From the price of wheat (Hersche 1801) to childhood mortality (Skjærvø et al 2015), there seems to be no end to papers reporting spurious correlations with solar variability. As both these examples are published at solar maxima (±5.5 years), I conclude there is a correlation between the incidence of such publications and solar activity. Further evidence for this revolutionary hypothesis is provided by the publication of Wing et al (2015) near a solar maxima. Wing et al find “highly significant” correlations between the incidence of two types of arthritis and solar variability.
I don’t really need to do any more than link to XKCD to show that Wing et al is almost certainly spurious.
Wing et al analyse the incidence of giant cell arthritis (GCA) and rheumatoid arthritis (RA) with in Olmsted County, Minnesota over five decades. They correlate the 3-year smoothed incident data with the F10.7 index (solar radiation at 10.7 cm wavelength) and the AL index (a proxy for the westward auroral electrojet), allowing for lags of up to 14 years.
The first problem is in interpreting the p-value. It is a measure of how likely a correlation as large as that observed is under the null hypothesis of no correlation. It does not indicate how likely the alternative hypothesis, that there is a relationship, is. To know that we have to have some idea of how plausible the alternative hypothesis is. As the XKCD cartoon above shows, if the hypothesis is unlikely to be true, it is more likely that a highly significant correlation is a fluke than a genuine finding.
Since Wing et al is a single study without a strong theoretical expectation of a relationship between solar variability and arthritis, even a highly significant p-value is not strong evidence. Even if there were no other problems, this would be enough to be fairly certain that the correlations in Wing et al are spurious. And there are other problems.
Hypothesis tests are only fully valid if they are designed before the data are observed. According to the press release, it was the observation of a 10-year cycle in the incidence data that inspired the study. If data have a 10-year cycle, they are virtually certain to correlate with solar variability with a lag of 0-14 years. This is data-snooping and inflates the risk of finding a “significant” p-value when there is no relationship. A better strategy would be to use these data to help develop a hypothesis and then use independent data from another region to test this hypothesis.
The p-value is valid if a single correlation is analysed. If multiple correlations are analysed, there are multiple chances of finding a significant p-value, just as buying several lottery tickets increases your chances of winning a prize. Wing et al test the correlation between the incidence of arthritis and two solar proxies at lags 0-14 years. This does not get them 30 tickets to the p-value lottery because, for example, the solar proxies at lag 0 and lag 1 are highly correlated, but it does give them several chances to win. It is possible to correct for multiple testing, and at least the paper should have shown that the authors are aware of the problem. I wouldn’t dream of suggesting that the authors might have examined other solar variability proxies before settling on the two they report as the westward auroral electrojet is such an obvious place to start.

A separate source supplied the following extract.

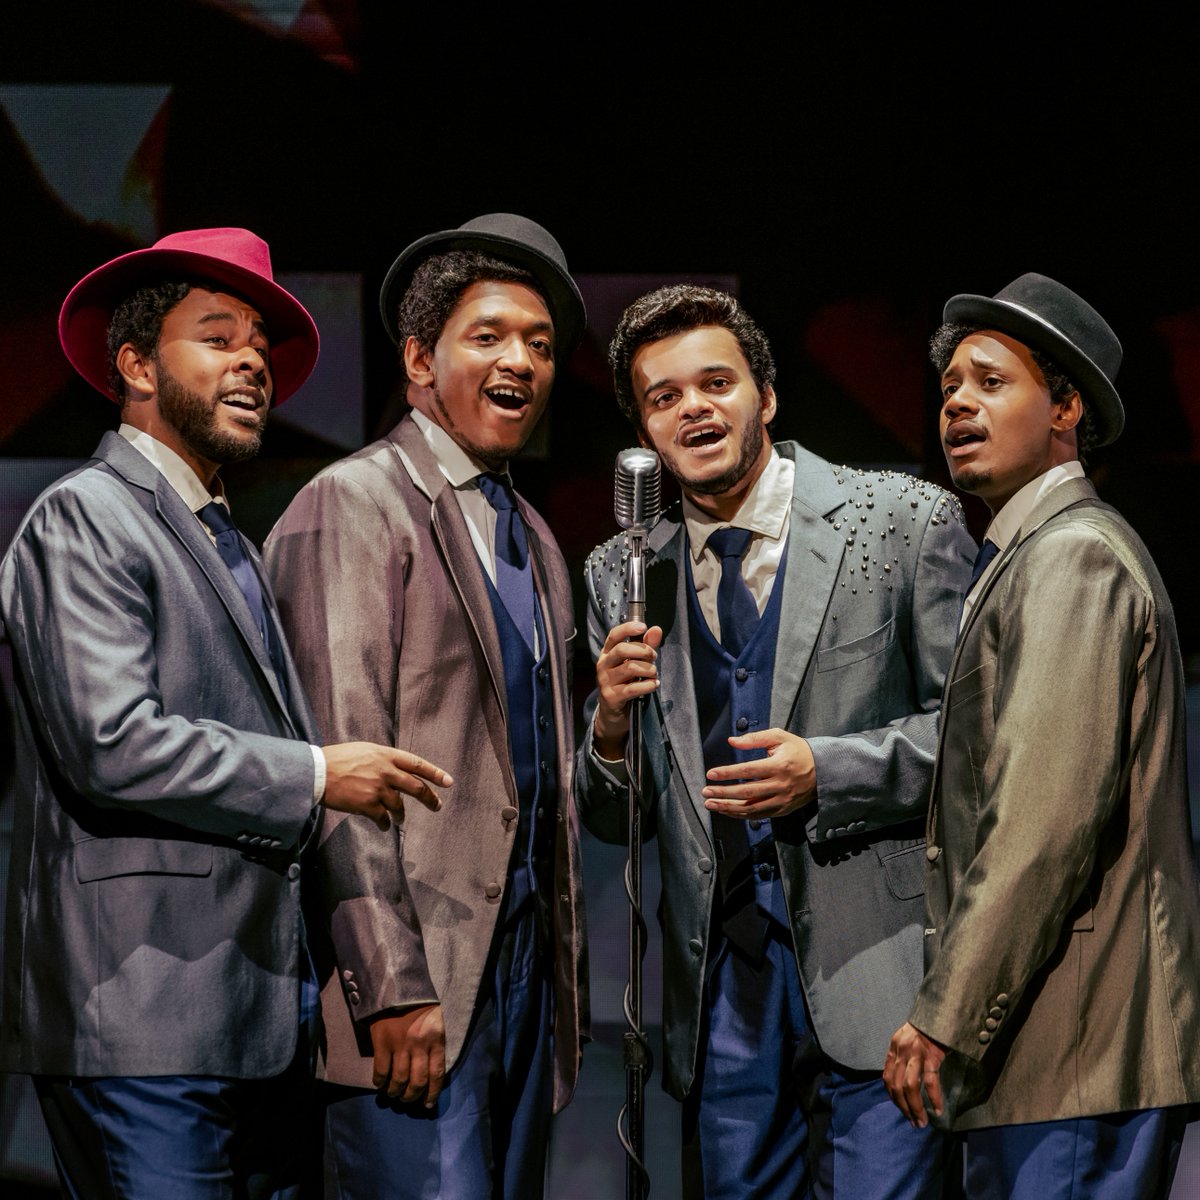 The Drifters Girl is here until Saturday! Don’t miss the phenomenal soundtrack packed full of iconic songs like Saturday Night At The Movies and Save The Last Dance For Me. Book now. wmc.org.uk/en/whats-on/20…

The incidence of both types of arthritis is temporally autocorrelated: if one year has a high incidence, the next year is likely to, and vice versa. The statistical test used by Wing et al assumes that the observations are independent, that there is no autocorrelation. Violating this assumption makes the statistical tests more liberal, more likely to report a significant result than is justified by the data. The autocorrelation inherent in the incidence data is enhanced by the 3-year smooth used, making the problem worse. Wing et al should have corrected for the autocorrelation in the (smoothed) data. There are several strategies that could be used, all would result in a less impressive p-value.
Even though I don’t find this paper in the least plausible, I do agree with the authors’ conclusions that those afflicted by arthritis should move to lower latitudes. I’ll start packing now.
(Andrew Alden @aboutgeology alerted me to this paper.)